ラスボスが異世界に転生しました〜悪の組織のリーダーは愛するヒロインを救うために世界を焼き尽くす〜

ウサギ様

ある物語のエピローグ

 俺……目黒志央という人物の人生は、悪の組織を立ち上げたその日、15年前に終わっていた。


 第三次世界大戦を終えてしばらく……科学技術の発展により完成を見せ始めた管理社会と固定化された階級格差。


 異能力と呼ばれるものを手に入れて、それにより現状の世界を破壊しようとし、目黒志央という凡俗としての名前を捨てて、新たにグラスフェルトという名前を名乗り、国に、世界に立ち向かった。


 だが、けれども──。


「お前らが正しい。……俺が間違っている」


 分かりきった言葉を口にする。

 目の前にいる少女は、ボロボロの服と体、華奢な手足を動かして、今にも泣きそうな表情で俺へと歩みを進める。


「……そう思っているなら、なんで」


 今日、この日のことはいずれ歴史書に綴られるだろう。その際に、俺はみっともない負け犬と書かれることだろう。


 最終決戦とも呼べる状況。

 俺の後ろにはもう戦力となるような人間はいない。

 いるのは他のどこにも行き場がなく、ただひたすら奪われてきた奴等だけだ。


 ……もはや、最終決戦なんて甘いものではないか。

 俺が勝ったところで次の相手がやってくるか、立てこもり続けて飢えて死ぬだけだ。


 敗北は当の昔に決まっていた。そんなことは分かりきっていた。


 俺たちのしたことなど、結局は平穏を荒らして無為に血を流しただけだ。

 分かっていた。分かりきっていた。けれど、俺ゆっくりと拳を握りしめる。


「俺たちに勝ち目なんて始めからなかった。今から俺たちが勝ったところでこの国が良くなるなんて都合のいい話も信じちゃいない」


 泣きそうな、けれども強い決意を宿した少女が、俺にその瞳を向ける。


「なら、なんで……。なんで、こんなことをしたの」


「向かう先がただただ絶望であろうと、それでも示さなければならないものはあるんだ。……俺はここにいる、と」


 強大な拳を上へと振り上げる。


「──俺はここにいる! 弱い子供に、金持ちの奴隷達に、排斥される醜い者達に……!」


 思い切り息を吸い込む。

 戦いの前に体力を使うべきではないと分かりつつ、遠くに見える誰かに向かって、届くはずもない声を届かせるために。

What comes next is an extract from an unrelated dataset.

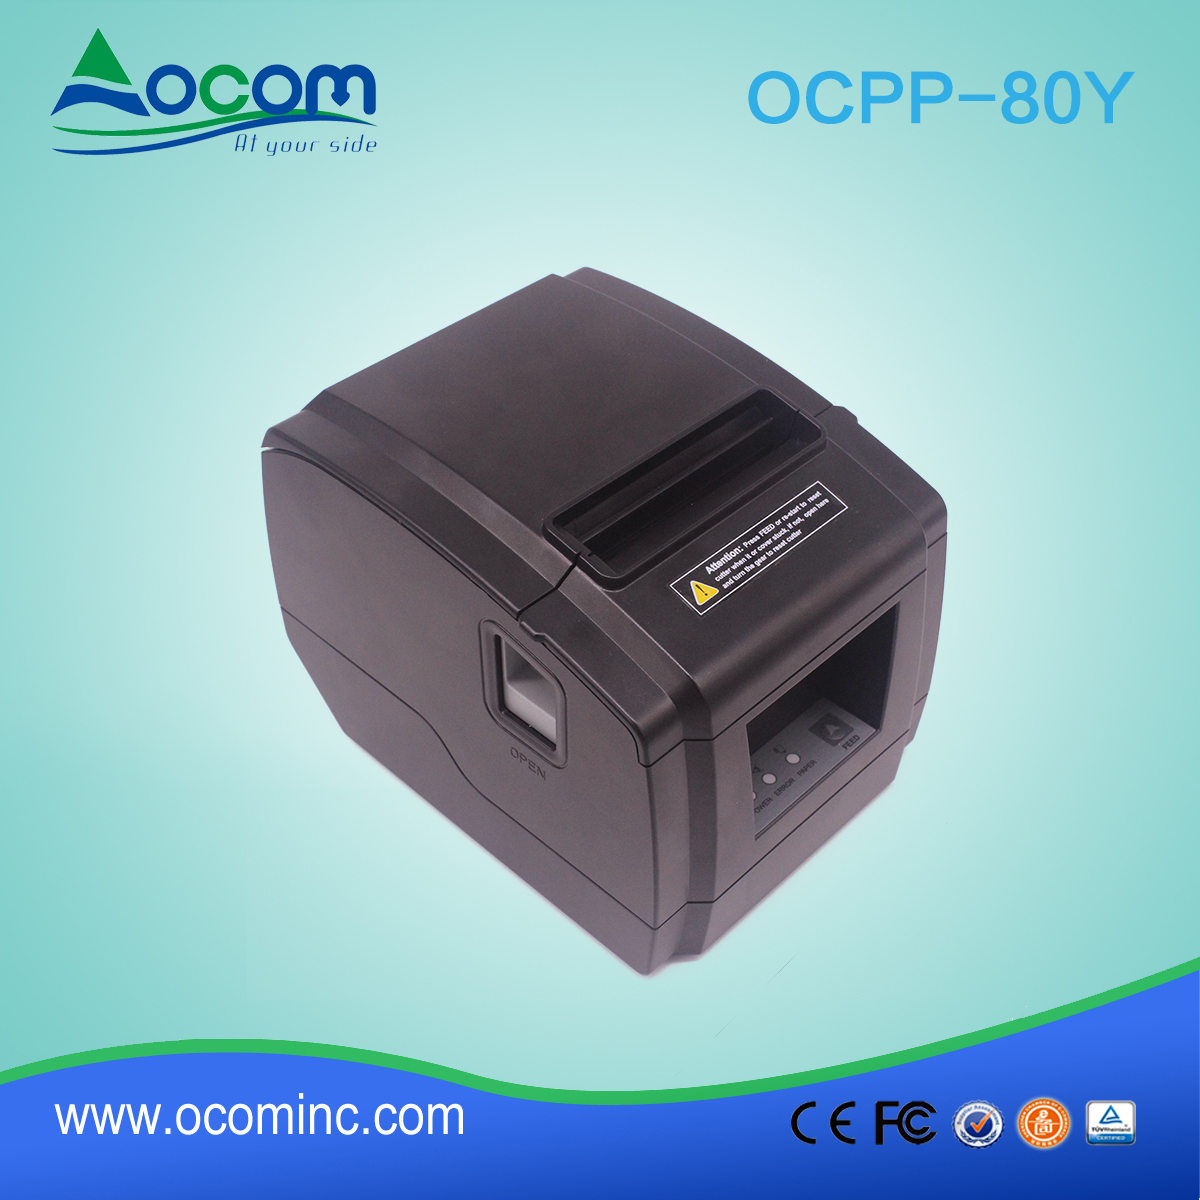 OCPP-80Y-Low cost 3" auto cutter POS receipt printer

「──俺はここにいる! お前の味方は、ここにいる! 火を灯せ!! 天高く、天高く! 俺たちの悪業が、遥か遠くの誰かにも見えるように!!」


 俺の背後にあった、俺たちの拠点が燃え盛る。

 それは俺が守ろうとしている仲間たちが、「敵の手にかかる前に」という、そういう考えからの自害であることは、なんとなく察した。


 もはや、背後にすら守るものはなくなった。

 食い縛る。食い縛る。折れるな、決して折れるな。


 負けても、みっともなく死のうとも、俺の死骸が吊るされ鳥につつかれようとも。


「火を灯せ!! 届け!! 届け!! 悪名よ!!」


 剣に火炎の異能を灯す。それは単純で不恰好な、見様見真似の粗雑な異能力だ。


「燃え広がれ、俺の悪名よ。──俺は灯火と陣鐘のグラスフェルト!」


 少女と向き合い、全力で吼える。


「俺から人々を守れよ、英雄!」


 俺の異能の炎は草原を燃え広がりながら規模を拡大していく。

 異能力で維持している分を除けば燃え広がっている炎は制御不能で、俺自身も焼くが……もはや後を考える必要はない。


 自然に燃え広がった草原を舞台に、無意味な戦いが発生し……そして、当然のように終わった。


 覚醒というものを果たした少女の炎は俺の炎を上回っていて、三日三晩戦い続け、それ以前から無理を重ねてきた俺の体はもはやマトモに動かなくなっていた。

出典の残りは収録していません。